O acesso ilimitado à informação está o serviço da desinformação, um processo que já percebemos, mas não combatemos.
Se colocarmos na pesquisa do Google “o processo de desinformação” encontraremos dezenas de artigos sobre o assunto, principalmente ligados aos meios de comunicação. Para esse texto me apoiei em dois desses artigos; um de Diego Augusto Bayer, publicado no canal Jusbrasil, e o outro de Luciano Martins Costa, publicado no canal Observatório da Imprensa.

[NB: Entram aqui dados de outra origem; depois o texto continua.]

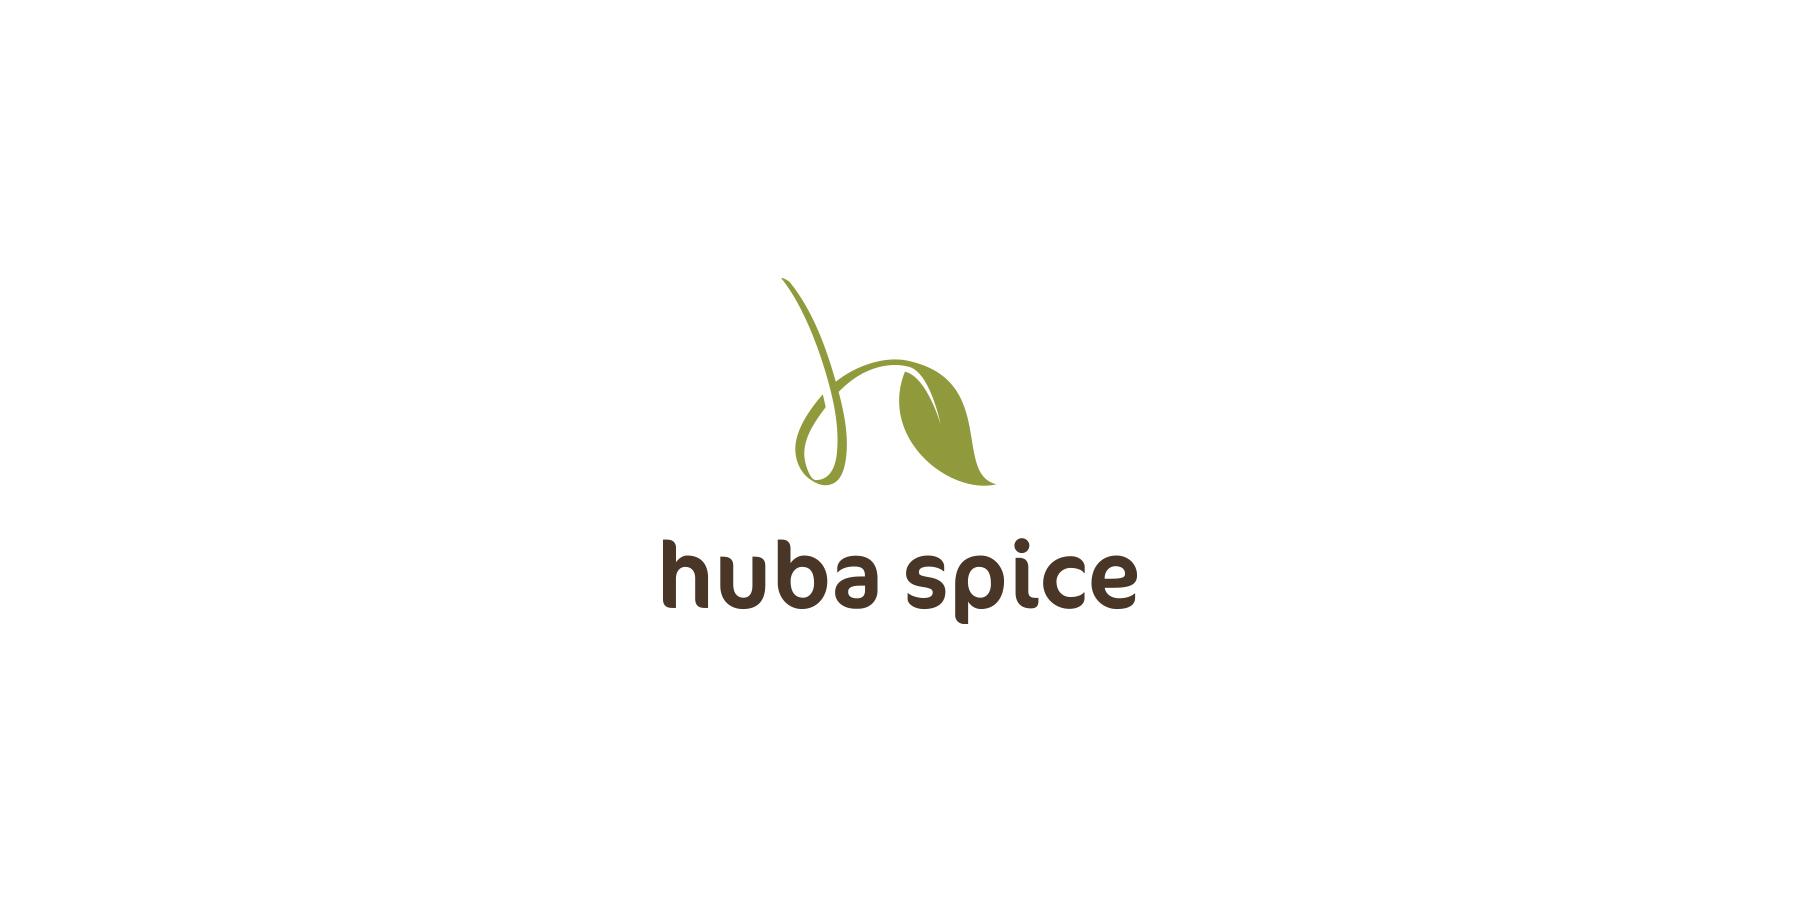 huba-spice-logo-design-01
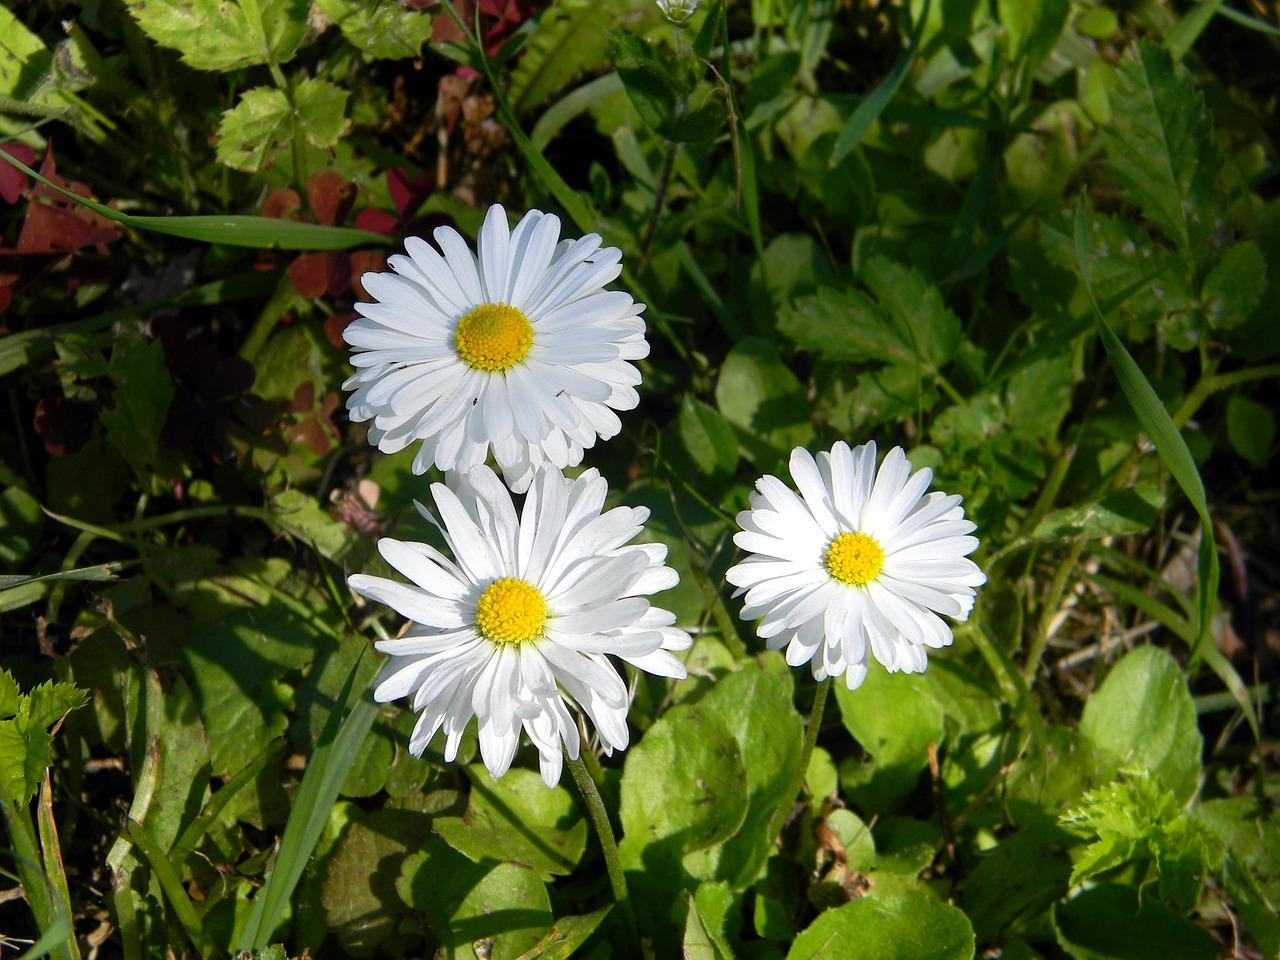 Daisyflowerwhite Flowersfieldchamomile Free Photo From Needpix

Duas citações colhidas por Bayer em seu texto são interessantes, a primeira de Dario Melossi (1992):
um discurso nunca é simplesmente a expressão de uma opinião, mas uma proposta de organizar o mundo de determinada maneira;
o segundo de MunizSodré (1999):
os meios de comunicação (…) constituem o lugar primordial de construção da realidade ou de moldagem ideológica do mundo a partir da retórica tecnoburocrática de inspiração gerencial.
Melossi coloca a INTENÇÃO como um componente do discurso; se alguém quer se fazer entender, esse alguém inevitavelmente vai impor sua visão de mundo. A INTENÇÃO aparece tanto quando aquele que comunica tenta propositalmente ser isento ou quando tenta dar sua opinião, portanto a forma como o discurso é organizado é sempre ideológica.
Sodré cita os meios de comunicação como os grandes indutores desse processo de desinformação a partir do poder de construir uma visão de mundo palatável e sem profundidade. Quando cita a retórica tecnoburocrática, ele está alertando para o discurso simples que busca o respaldo, mesmo de leve, de uma visão prática e lógica para sua validação, geralmente ligada a alguma corrente de pensamento que esteja sendo discutida de forma rasa pelos jornais e programas de televisão.
Luciano Costa em seu texto explica as técnicas da desconstrução da informação:
A técnica é até simples: manipulam-se os significados possíveis de uma informação e entulha-se o contexto com redundâncias, que irão ecoar continuamente a mesma base de significados, até exaurir o receptor do processo de comunicação. As manchetes, artigos e editoriais condicionam o significado; o noticiário produz a redundância desinformativa.
A técnica não é tão simples assim para nós leigos. Entende-se que um fato tem determinado significado, porém mesmo falando do fato em si é possível dar-lhe novos significados ao buscar mais informações que diluam seu impacto e, após inúmeras repetições, é possível criar um discurso que aumente ou diminua a importância do fato, ou, mesmo, que crie confusão sobre o mesmo. Assim se dá em assuntos econômicos, políticos, e que versam sobre ética e valores.
Não por acaso, o indivíduo na época pós-moderna tem como uma de suas características básicas a insegurança, fruto de um desconstruir de significados, que o coloca à mercê das possíveis interpretações; que não são mais coletivas, como eram, quando grandes movimentos publicavam seus manifestos. Agora se presume uma atitude individual, o que nos leva a um processo em escala aritmética de interpretações de um mesmo fato, o que sem sombra de dúvida, esvazia-o de qualquer significado ou valor.
O processo de desinformação está avançado, com meios de comunicação que invadem nosso dia a dia a partir dos aplicativos de troca de mensagens, redes sociais e de compartilhamento de imagem e som. Osvaldo Vivian Jr., repórter e escritor, foi feliz em um micro conto Mesa de Babel, no qual pessoas são convidadas para um jantar especial, reúnem-se em um restaurante, mas agem desconectadas entre si e mesmo em relação ao seu anfitrião, que inicia o jantar dando a conhecer o motivo do convite. O resultado é um claro sinal da opção que muitos estão escolhendo viver dentro de suas bolhas algorítmicas, o que acelera a desconstrução dos significados, já que aquilo que não me agrada eu recuso, assim não conheço o novo e perco aos poucos a significância daquilo que me era caro; resta-nos o mal estar típico de nossos tempos.
Ou seja, a luta contra o processo de desinformação é uma luta que convida a pessoa a permanecer alerta ao seu entorno e não perder a capacidade de mudar a si e influenciar o seu redor por meio de uma linguagem que tenha um discurso (sim, mas com uma visão de mundo) que queira entender o mundo de fato e não assumir que o mundo seja inexplicável e, no fim das contas, sem sentido.